Ramaphosa tells smokers to be patient: ‘It’s only a matter of time’

President Cyril Ramaphosa has reiterated the impermanent nature of government’s risk-adjusted approach to lockdown, adding that the prohibition of tobacco would be repealed at lower levels.

In an exclusive late-night interview with SABC on Thursday, President Ramaphosa faced a barrage of questions relating to the COVID-19 outbreak in South Africa and the subsequent lockdown. The president’s responses were tabled just hours after Minister Nkosazana Dlamini-Zuma gazetted Level 3 lockdown regulations and members of the National Coronavirus Command Council (NCCC) expanded on departmental responsibilities.

Lockdown South Africa: The good, the bad and the ugly

The state-backed lockdown, which has been in place for more than two months, has divided public opinion and been the subject of fierce criticism. As noted by Ramaphosa, scientific evidence supported the success of South Africa’s initial lockdown. Stringent regulations, which restricted economic activity and personal freedoms, managed to reduce the coronavirus’ curve. Slowing down the rate of infection afforded a timely reprieve to ready healthcare systems for the inevitable peak.

While lockdown’s medical benefits have been lauded, its impact on the economy has pushed South Africa to the brink of a financial depression. Unemployment rates are expected to increase by more than 20%, and while most industries have been permitted to reopen at Level 3 lockdown, the economic devastation caused by two months of inactivity has proven too much to bear for thousands of small businesses. Many small, medium and micro-enterprises will never reopen their doors.

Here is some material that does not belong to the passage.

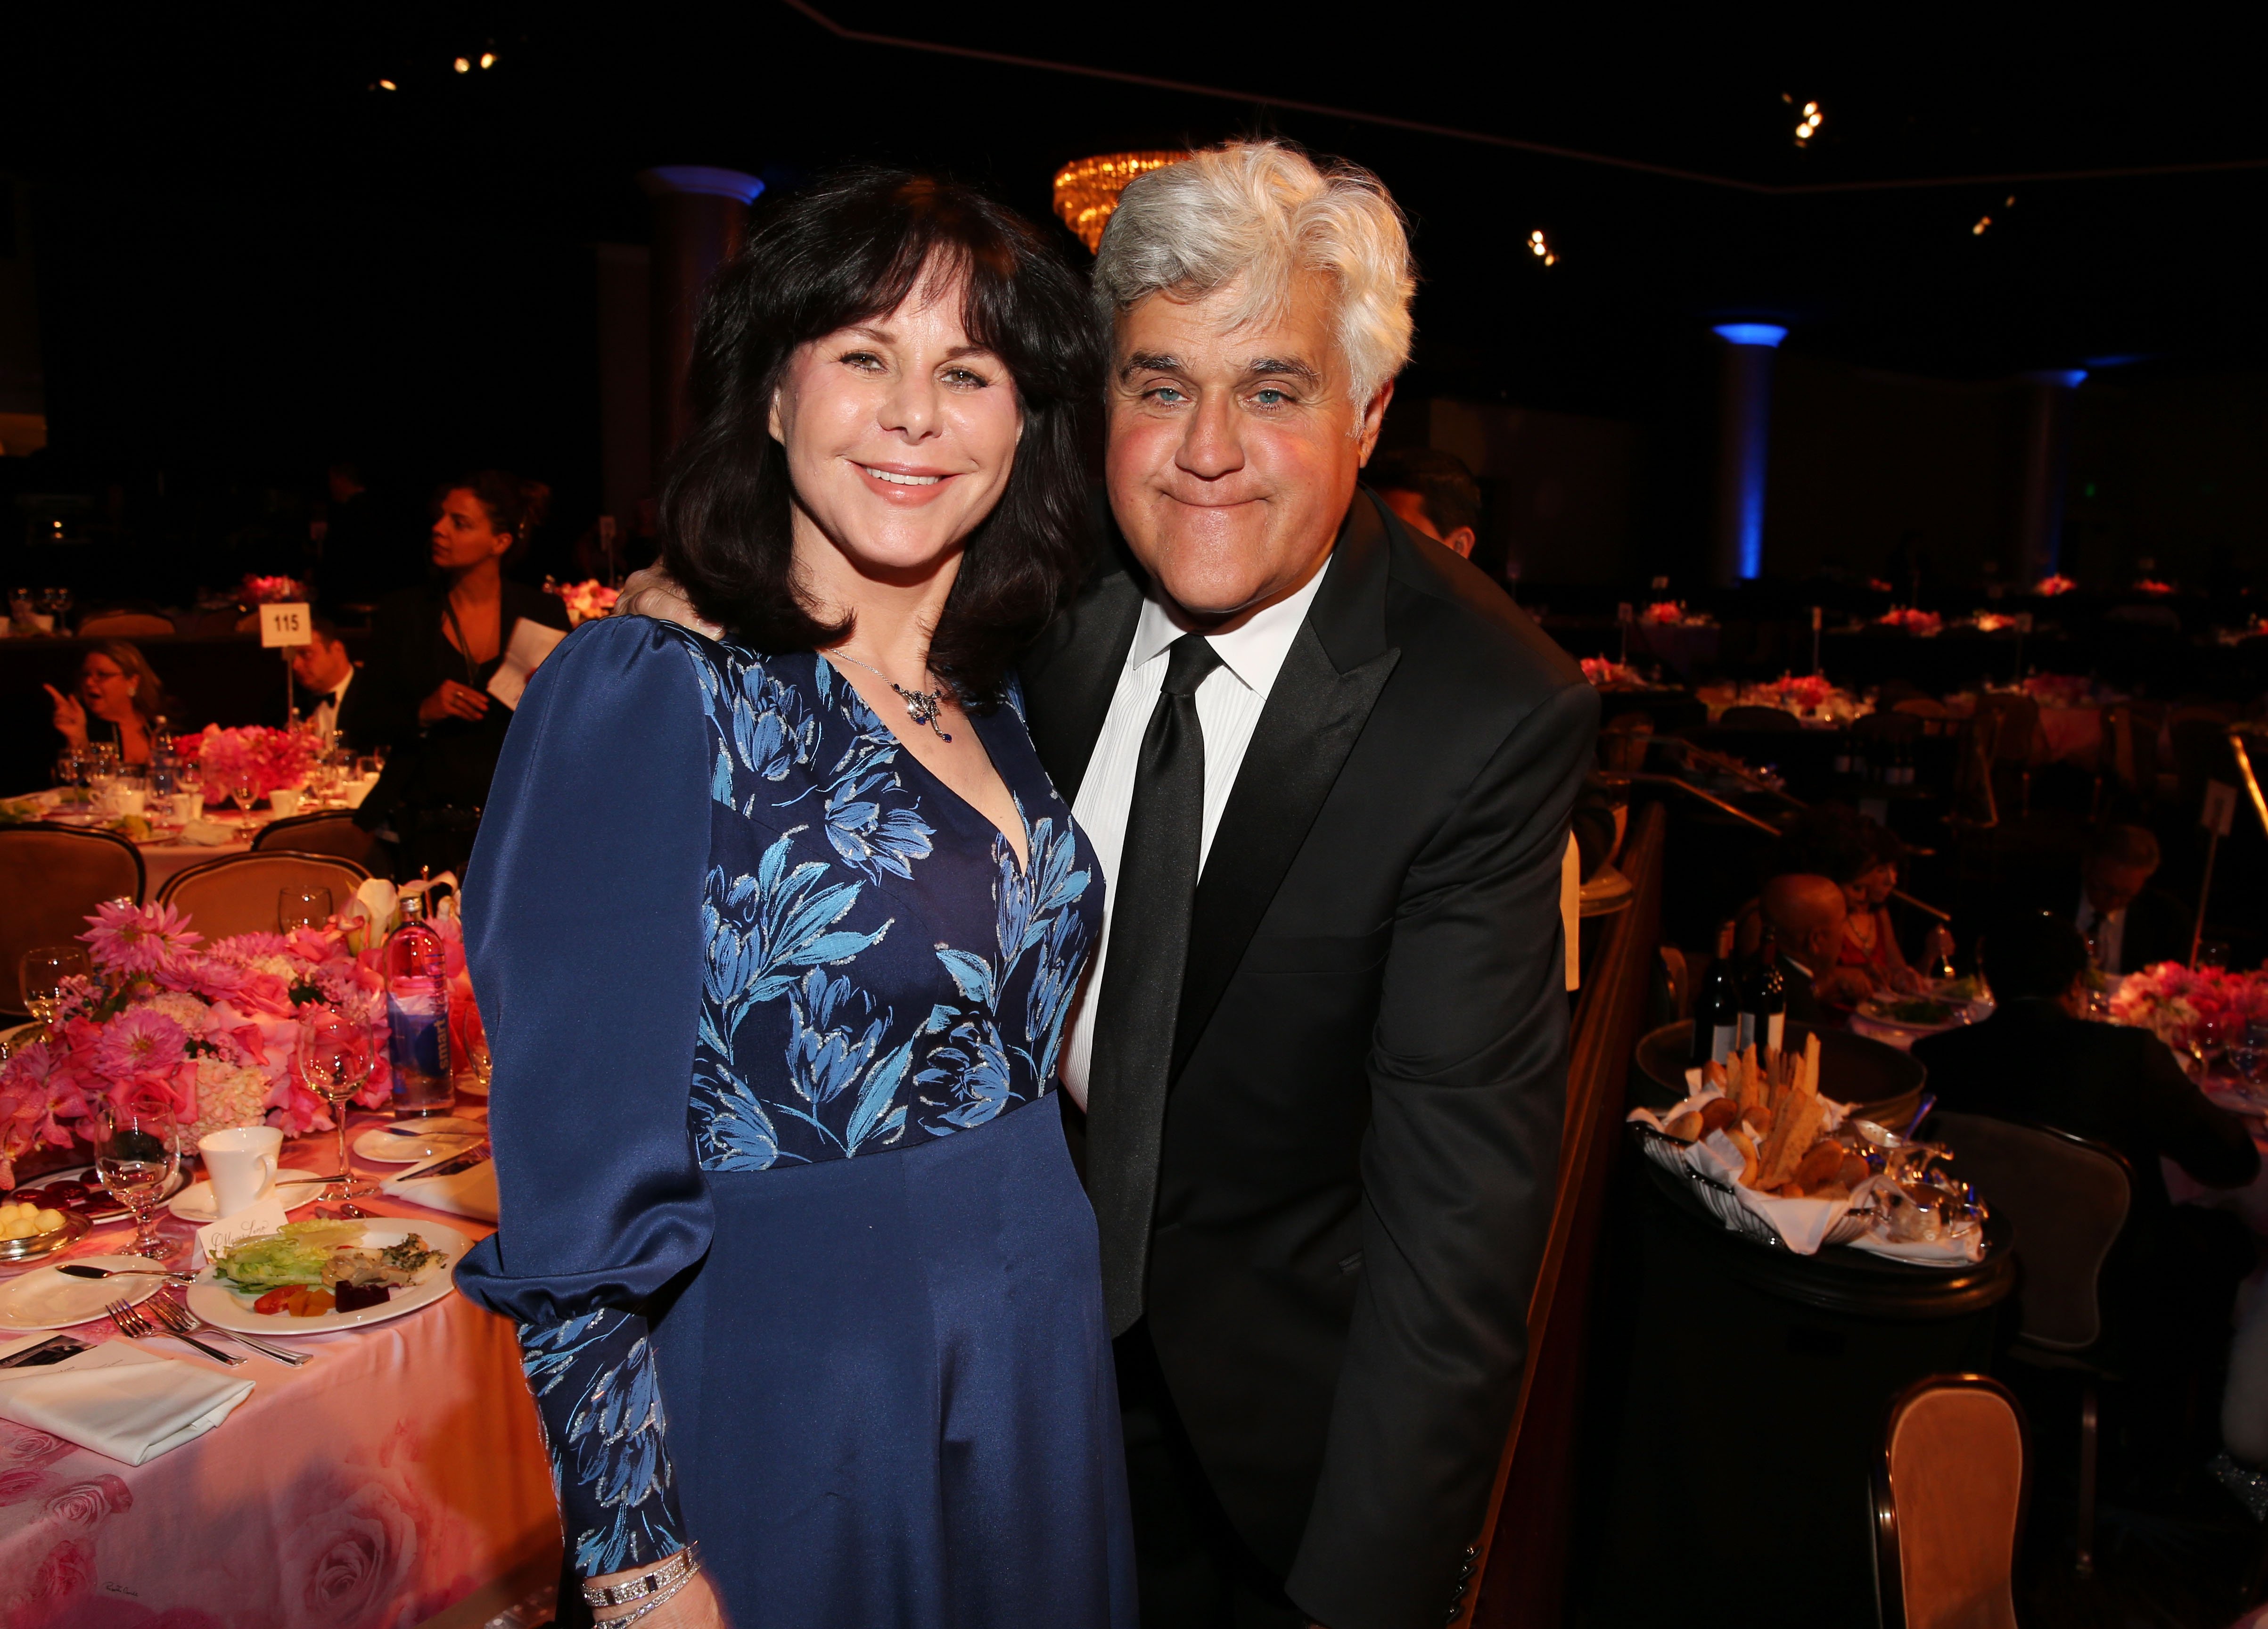 Mavis Leno and her husband Jay Leno attend the 26th Anniversary Carousel Of Hope Ball presented by Mercedes-Benz at The Beverly Hilton Hotel on October 20, 2012, in Beverly Hills, California. | Source: Getty Images

Critics of government’s lockdown — opposition parties, civil societies, economic analysts, the public and even medical scientists — argue that regulations have been too restrictive for too long and that the NCCC missed its opportunity to balance the cost of lives with livelihoods.

Ramaphosa: ‘No issue between scientists and politicians’

Judging from recent statements issued by Health Minister Zweli Mkhize in response to criticism tabled by Professor Glenda Gray — president of the Medical Research Council (SAMRC) and lead expert on the Ministerial Advisory Committee — scientists and politicians have butted heads over the ongoing lockdown.

Gray claimed that government had gone rogue and was no longer heeding scientific advice from medical experts. The professor added that the continued lockdown was “not based on science” and was “completely unmeasured”.

During his interview with the public broadcaster, Ramaphosa was questioned about possible tensions between scientists and politicians. The president was quick to dispel rumours of disunity between government and the advisory committees, saying:

“Diverse views are to be welcomed, they must never be silenced. People must express themselves. We have said that the medical advisory committee has been advising government extremely well.

We welcome everybody’s input on that medical advisory committee, including the recent ructions that we had, which have now been solved. They’ve been solved and that is now behind us; they are united in their purpose and giving us advice.

I see no problem. There is really no issue between scientists and politicians.”

Cyril Ramaphosa to smokers: This too shall pass

One of the most hotly-contested regulations within the Disaster Management Act which governs the risk-adjusted lockdown, has been the continued prohibition of tobacco products. Since late March, the sale and purchase of cigarettes has been outlawed.

In addition to frustrating millions of South African smokers, this law has given rise to a burgeoning black market. With smokers unwilling to quit and paying hugely inflated prices for cigarettes, it’s expected that the ban has cost government over R35 million a day in lost excise duties.

The ban is currently being fought in court by multiple parties, with the Fair Trade Independent Tobacco Association (Fita) leading the charge.

Ramaphosa, who has been personally listed as a respondent in court orders, has called on South Africans and smokers, in particular, to be patient, noting that lockdown would not last forever. The president said:

“We are not permanently going to be on Level 3. We are going to migrate to another level. Even those who are hankering for tobacco, they must know that it is only a matter of time before their hankering is assuaged or addressed.”

The ongoing legal battle to have the prohibition of tobacco declared unlawful and overturned is expected to be heard before the Pretoria High Court on 9 June 2020.